Biochim Biophys Acta. 2003 Mar 17;1620(1-3):72-84. doi: 10.1016/s0304-4165(02)00509-3.
Myeloperoxidase (MPO)-catalyzed one-electron oxidation of endogenous phenolic constituents (e.g., antioxidants, hydroxylated metabolites) and exogenous compounds (e.g., drugs, environmental chemicals) generates free radical intermediates: phenoxyl radicals. Reduction of these intermediates by endogenous reductants, i.e. recycling, may enhance their antioxidant potential and/or prevent their potential cytotoxic and genotoxic effects. The goal of this work was to determine whether generation and recycling of MPO-catalyzed phenoxyl radicals of a vitamin E homologue, 2,2,5,7,8-pentamethyl-6-hydroxychromane (PMC), by physiologically relevant intracellular reductants such as ascorbate/lipoate could be demonstrated in intact MPO-rich human leukemia HL-60 cells. A model system was developed to show that MPO/H(2)O(2)-catalyzed PMC phenoxyl radicals (PMC*) could be recycled by ascorbate or ascorbate/dihydrolipoic acid (DHLA) to regenerate the parent compound. Absorbance measurements demonstrated that ascorbate prevents net oxidation of PMC by recycling the phenoxyl radical back to the parent compound. The presence of DHLA in the reaction mixture containing ascorbate extended the recycling reaction through regeneration of ascorbate. DHLA alone was unable to prevent PMC oxidation. These conclusions were confirmed by direct detection of PMC* and ascorbate radicals formed during the time course of the reactions by EPR spectroscopy. Based on results in the model system, PMC* and ascorbate radicals were identified by EPR spectroscopy in ascorbate-loaded HL-60 cells after addition of H(2)O(2) and the inhibitor of catalase, 3-aminotriazole (3-AT). The time course of PMC* and ascorbate radicals was found to follow the same reaction sequence as during their recycling in the model system. Recycling of PMC by ascorbate was also confirmed by HPLC assays in HL-60 cells. Pre-loading of HL-60 cells with lipoic acid regenerated ascorbate and thus increased the efficiency of ascorbate in recycling PMC*. Lipoic acid had no effect on PMC oxidation in the absence of ascorbate. Thus PMC phenoxyl radical does not directly oxidize thiols but can be recycled by dihydrolipoate in the presence of ascorbate. The role of phenoxyl radical recycling in maintaining antioxidant defense and protecting against cytotoxic and genotoxic phenolics is discussed.
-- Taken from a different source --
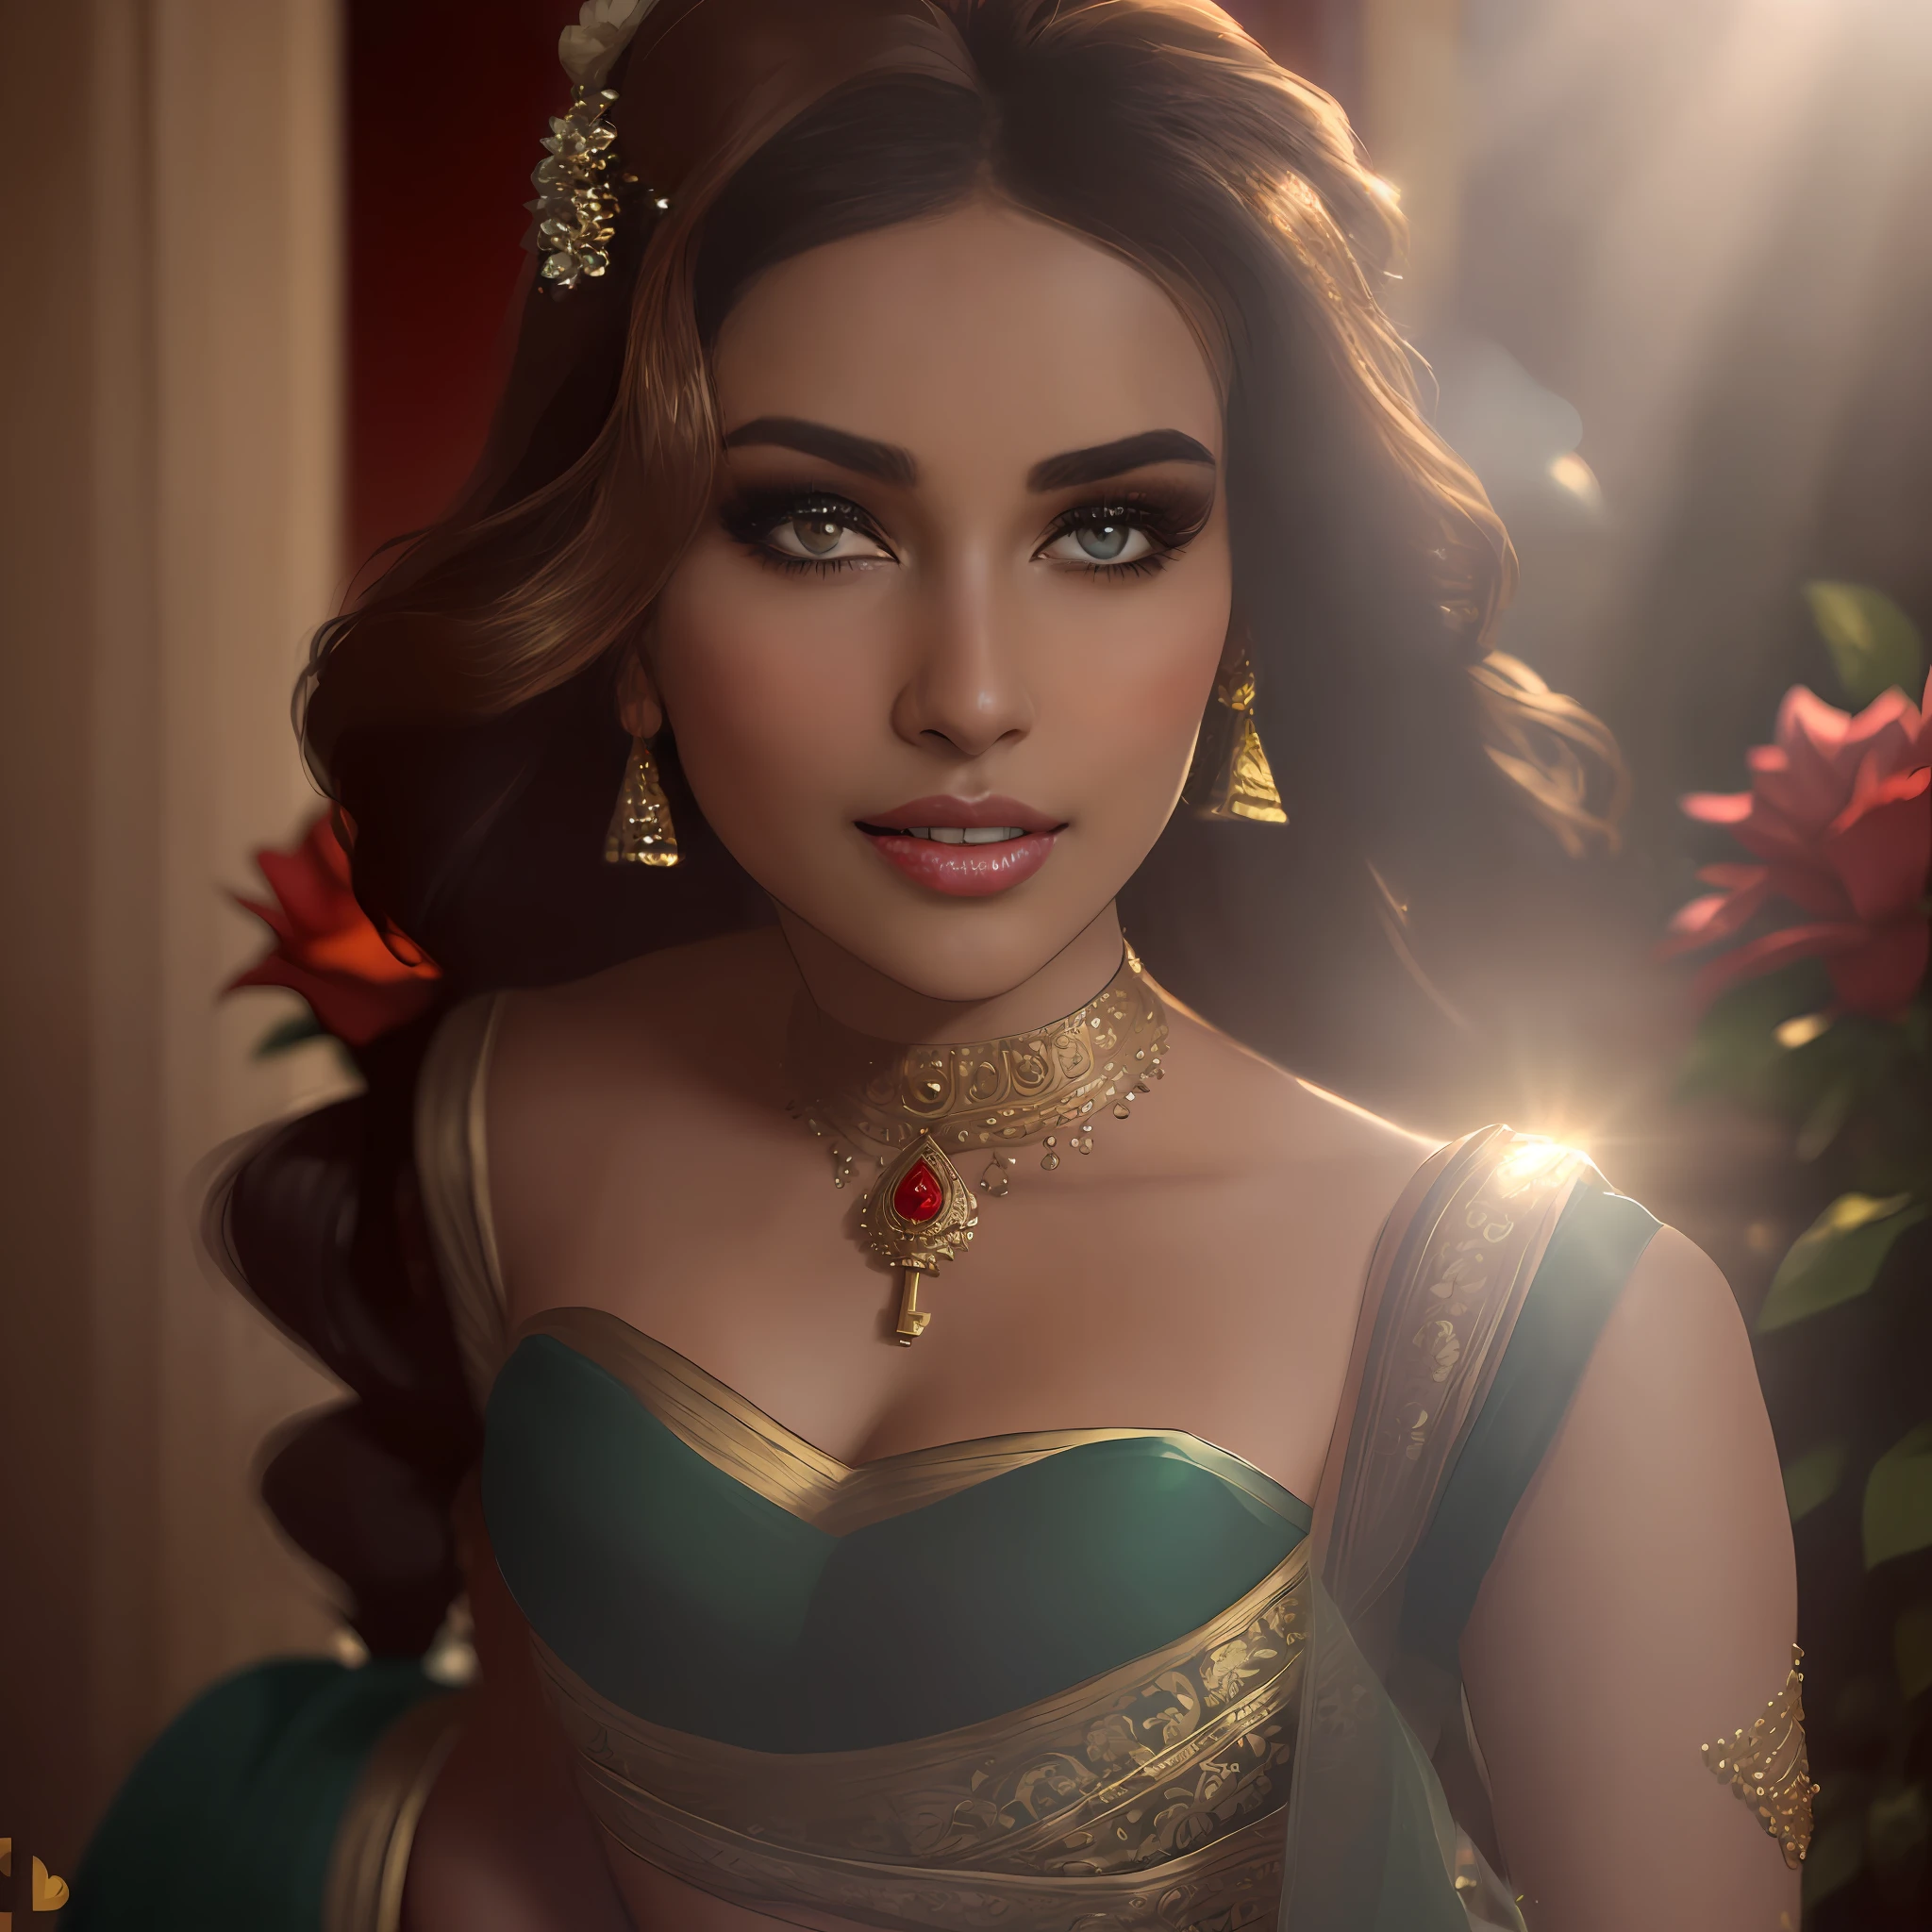 (obra maestra de fotografía de larga duración de un solo:1.2) seductor sexy alto con curvas (18 años) La princesa novia supermodelo india Ayesha Takia caminando (jardín:1.3), (luciendo un impresionante rojo nupcial & lehenga de oro & blusa:1.3). pura dupatta, maximalismo, (decoraciones florales de boda:1.3), (escote elegante & barriga), (maquillaje indio & joyas:1.2) Cabello castaño largo trenzado con reflejos.,, vivaz, mirada lujuriosa, regocijado (hermosos ojos detallados:1.1) , (sonrisa brillante y coqueta:1.2), (intensa y espectacular luz de la tarde:1.4), retroiluminado, llave de luz, Luz de llanta, rayos de luz, muy detallado, tendencia en artstation, salpicaduras de pintura, color rico, Retrato abstracto, por Atey Ghailan

髓过氧化物酶(MPO)催化内源性酚类成分(如抗氧化剂、羟基化代谢产物)和外源性化合物(如药物、环境化学物质)的单电子氧化会产生自由基中间体:苯氧自由基。内源性还原剂对这些中间体的还原作用,即循环利用,可能会增强它们的抗氧化潜力和/或防止其潜在的细胞毒性和基因毒性作用。这项工作的目的是确定在富含MPO的完整人类白血病HL-60细胞中,是否能证明生理相关的细胞内还原剂(如抗坏血酸/硫辛酸)对维生素E同系物2,2,5,7,8-五甲基-6-羟基色满(PMC)的MPO催化苯氧自由基的生成和循环利用。开发了一个模型系统来表明MPO/H₂O₂催化的PMC苯氧自由基(PMC*)可以被抗坏血酸或抗坏血酸/二氢硫辛酸(DHLA)循环利用以再生母体化合物。吸光度测量表明,抗坏血酸通过将苯氧自由基循环回母体化合物来防止PMC的净氧化。在含有抗坏血酸的反应混合物中加入DHLA,通过抗坏血酸的再生延长了循环反应。单独的DHLA无法防止PMC氧化。通过电子顺磁共振波谱(EPR)直接检测反应过程中形成的PMC和抗坏血酸自由基,证实了这些结论。基于模型系统的结果,在加入H₂O₂和过氧化氢酶抑制剂3-氨基三唑(3-AT)后,通过EPR光谱在加载了抗坏血酸的HL-60细胞中鉴定出了PMC和抗坏血酸自由基。发现PMC和抗坏血酸自由基的时间进程与它们在模型系统中循环利用时遵循相同的反应顺序。在HL-60细胞中通过高效液相色谱(HPLC)分析也证实了抗坏血酸对PMC的循环利用。用硫辛酸预加载HL-60细胞可再生抗坏血酸,从而提高抗坏血酸循环利用PMC的效率。在没有抗坏血酸的情况下,硫辛酸对PMC氧化没有影响。因此,PMC苯氧自由基不会直接氧化硫醇,但在抗坏血酸存在的情况下可以被二氢硫辛酸循环利用。讨论了苯氧自由基循环利用在维持抗氧化防御以及保护细胞免受细胞毒性和基因毒性酚类物质侵害方面的作用。